В такой момент поддерживать недоразумение, которое может вызвать ваше
назначение, невозможно. И вот почему мы теперь и не можем более
допустить никаких секретов и недоговоренности, а должны занять
относительно вас вполне определенное положение. Между прочим, в ваших
словах мне послышались две угрозы: одна относительно "Речи", а другая-
относительно Гос. Думы. Что означает ваше выражение, что вы будете
действовать один. Значит ли это, что вы не созовете Думы, как об этом
говорят в публике?
Протопопов: - Я не злопамятен и не мстителен.

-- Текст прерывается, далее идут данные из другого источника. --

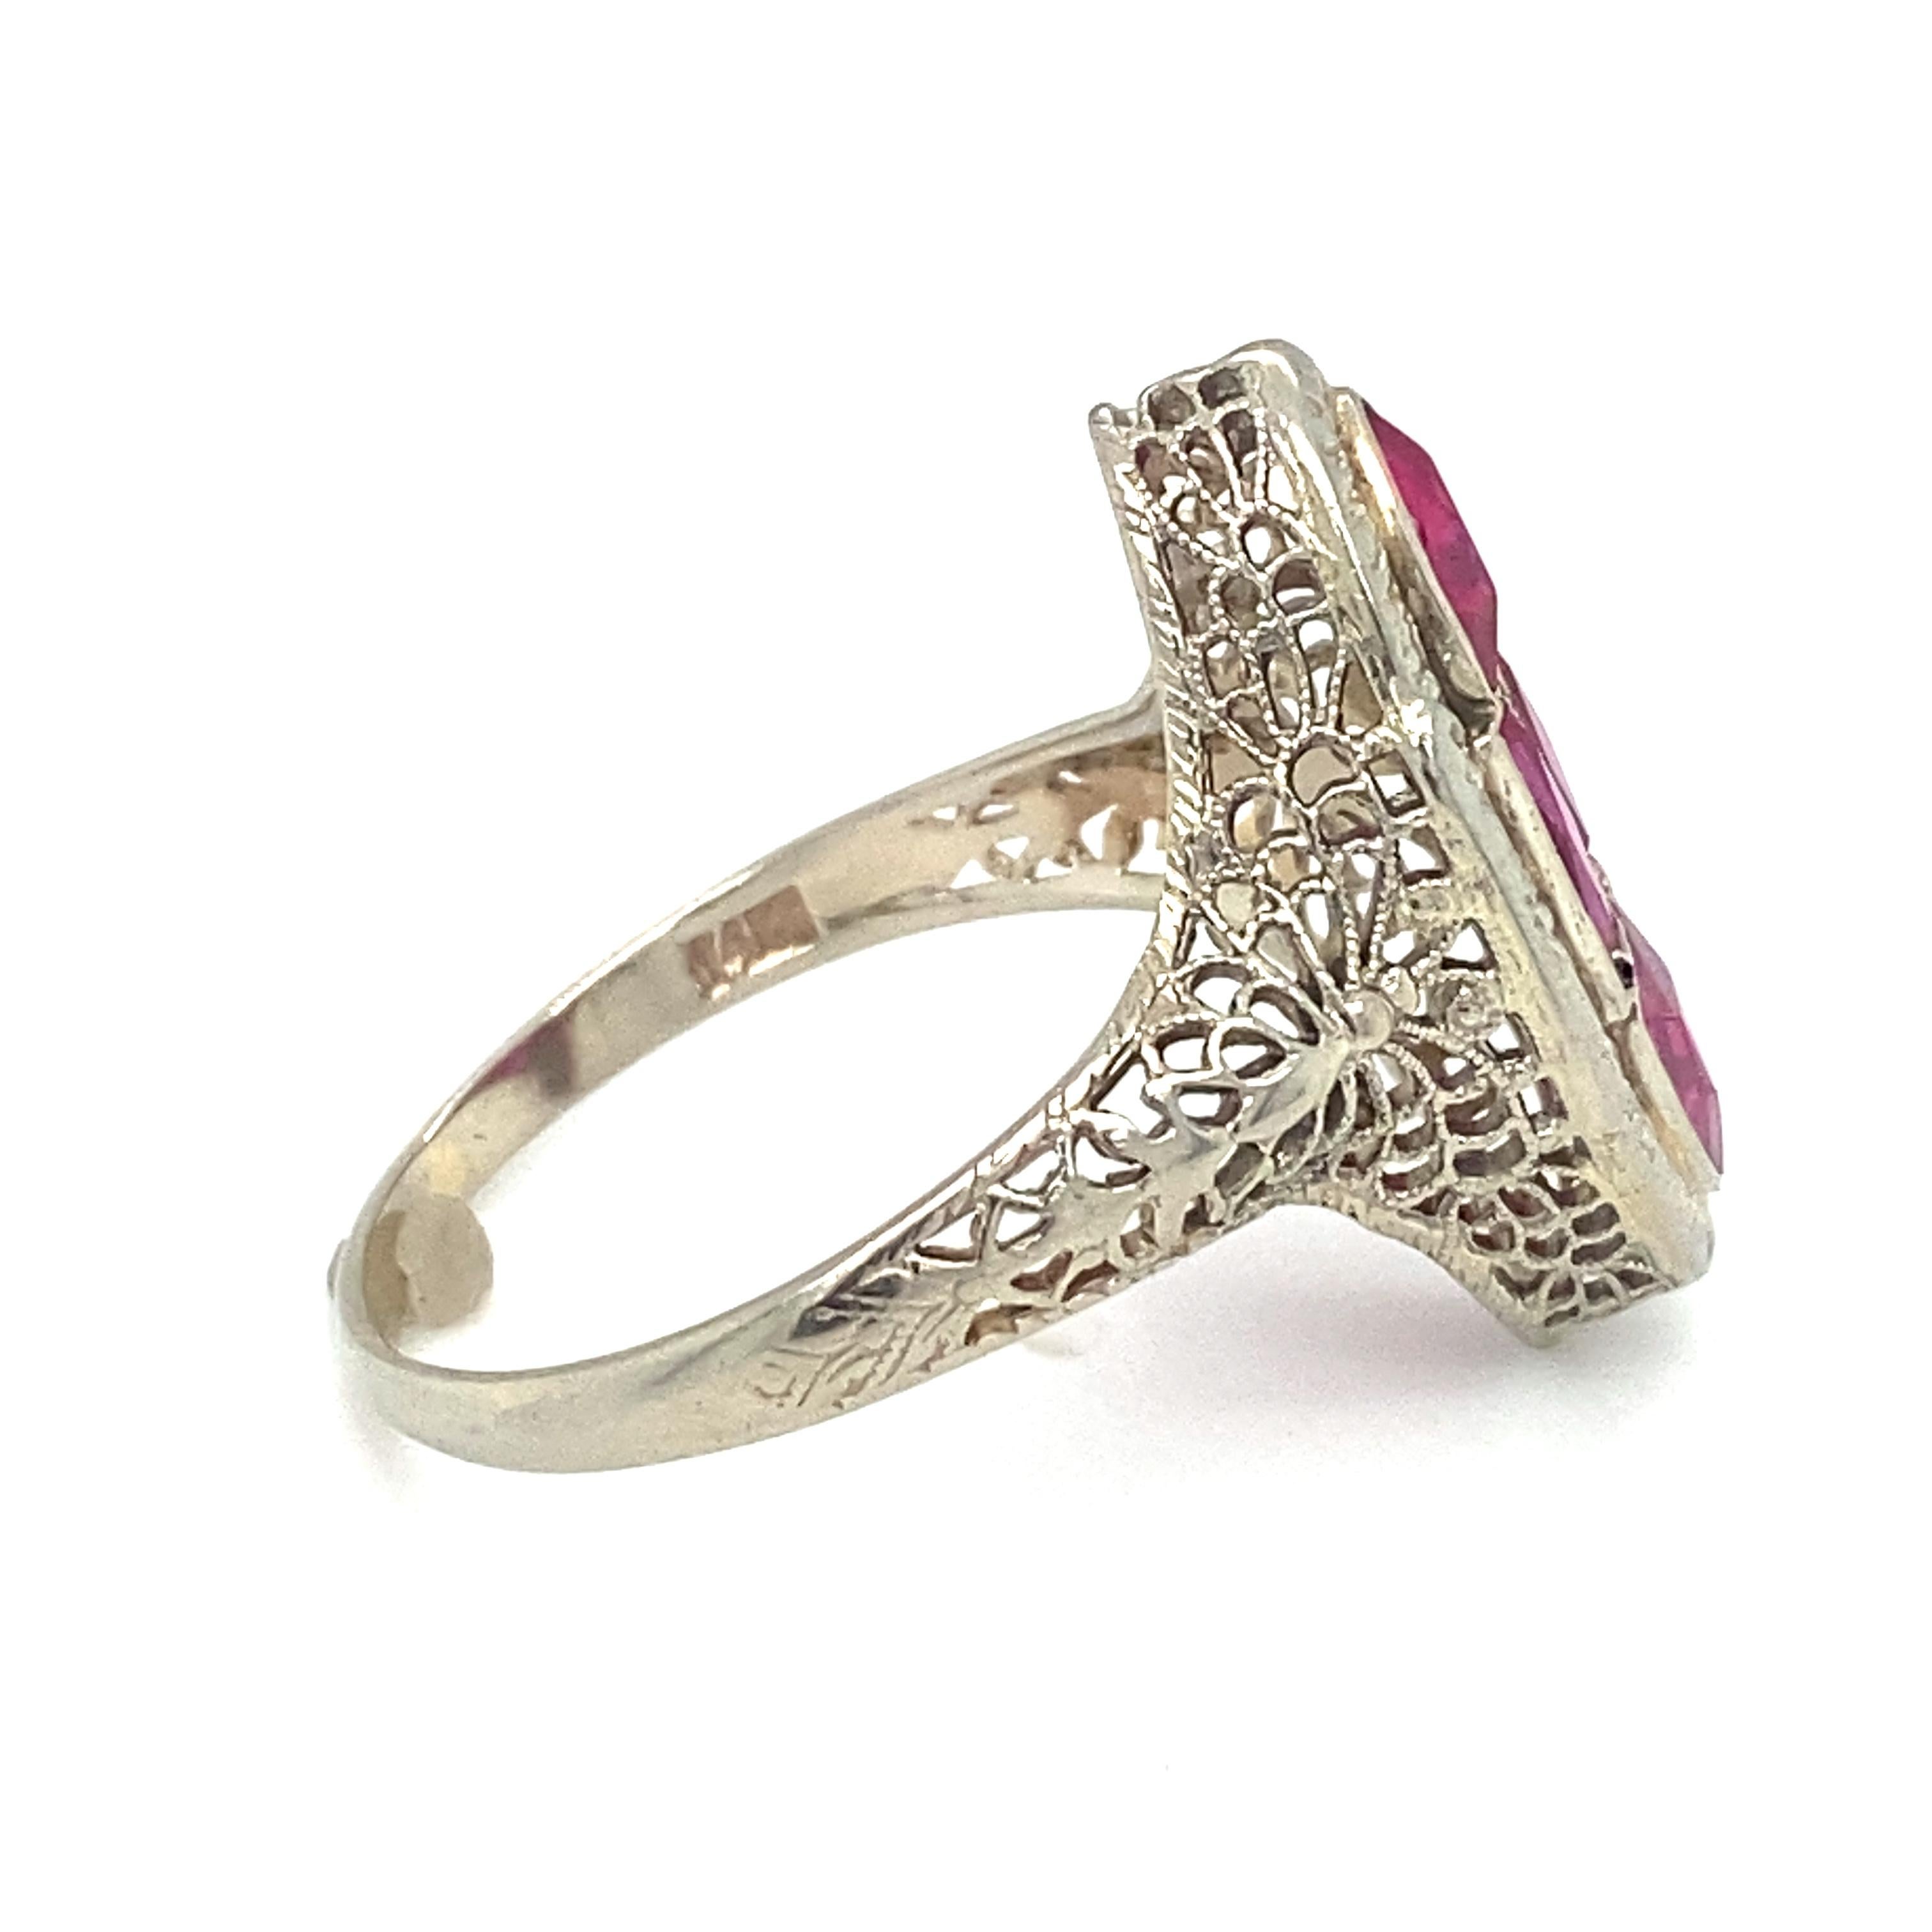 Circa 1920s Art Deco Simulated Ruby Cocktail Ring in 14 Karat White Gold For Sale 1

Что касается несозыва
Думы - это просто россказни.
Милюков: - По моим сведениям, которые я считаю достоверными, об этом
говорили несколько министров.
Протопопов: - Во всяком случае, я в их числе не находился.
Милюков:-Находились, Ал. Дм. (Голоса: "Да. Были слухи именно о
вашем мнении по этому поводу").
Протопопов: - Нет, так далеко я не иду. Я сам член Думы и привык
работать с Думой. Я был и останусь другом Думы. В вашем отношении ко
мне, П. Н., говорит разум, но нет голоса сердца. Ваша супруга
отнеслась бы ко мне совершенно иначе. Вот как я к вам отношусь.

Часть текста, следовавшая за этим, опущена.